Выбрать главу

Здесь только и разговору, что о девке, видевшей сон; она сидит в тюрьме, и там всякий день страшная толпа любопытных ее видит. Иные говорят, что она научена каким-то священником и дьячком, кои на месте собирают вклады на церковь, другие – что она невинна и подлинно видела сон, что очень может быть. Дело еще разбирается, и обо всем рапортовано Кочубею; но толпа, идущая и едущая на Можайскую дорогу, все не убавляется, и всякий день новые рассказы о чудесах, сделанных водою той. И теперь Лукьян рассказывал, что купчиха одна, страдавшая родильницею, исцелилась. Тесть мой ездил туда и говорит, что более 3000 народа. Княгиня Багратион, больная, послала за водою, а муж все носит этой воды в кармане. Чем-то все это кончится? А народ здесь более, нежели в других местах, любит чудесное, особливо как замешается тут и богомолье.

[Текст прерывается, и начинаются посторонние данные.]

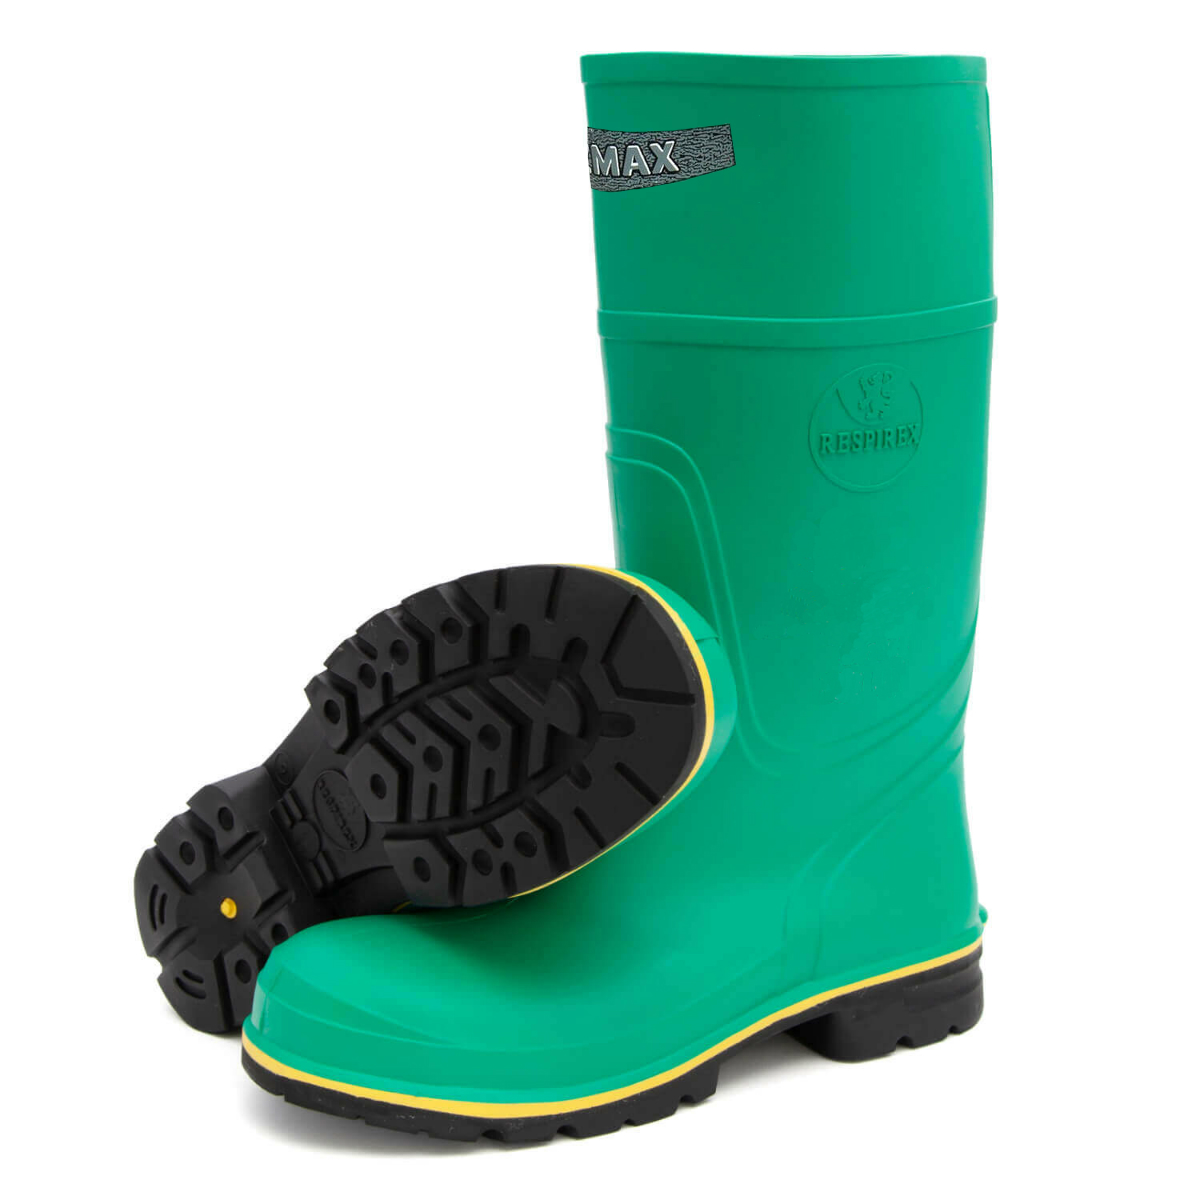 7501786cc60 Respirex Hazmax Chemical Resistant Biological Hazard Steel Toe Cap Safety  Wellingtons Boots

С Воронцовыми, между прочим, много толковали мы о Каталани. Графиня в восторге от нее, но и Воронцов того же мнения, что и я (по секрету будь сказано), что нет приятности в голосе, который, скорей, можно назвать инструментом; но со всем тем рад бы ее слушать еще у вас, а в Москве не удастся. Сонная девка, Каталани, наводнение и дилижансы – вот предметы общих разговоров в городе. Все хозяева чинят, белят, чистят дома к государеву приезду. Город очень украшается. Земляные валы около Китая срыты. Теперь, едучи в Ильинские ворота, на обе стороны площади видишь, а налево прелестный вид на Москву-реку, и все Замоскворечье теперь открыто. Да и наша Слобода теперь начинает отстраиваться, но дома все мелкие.

Александр. Москва, 14 июня 1820 года

Воронцов мне пересказал все, что касается до вас, и нельзя сомневаться в успешном окончании. Также сказывал он мне о касающемся до графа Ростопчина, коему король сказал: «Это наказание, кое я на вас налагаю за то, что вы так долго отказывались приехать в Лондон». Лоуренс будет его писать.

Жаль бедную Малышеву: в бытность мою в Париже она уже была больна. Впрочем, все пошли по матери; ты помнишь, что прекрасная Каверина умерла в чахотке, старшая дочь, бывшая за Олсуфьевым, и другая, в девушках, – также; теперь еще больна тем же последняя, меньшая, и все одна другой лучше. Чахоточным, кажется, в Англии запрещается идти замуж, и закон этот прекрасный.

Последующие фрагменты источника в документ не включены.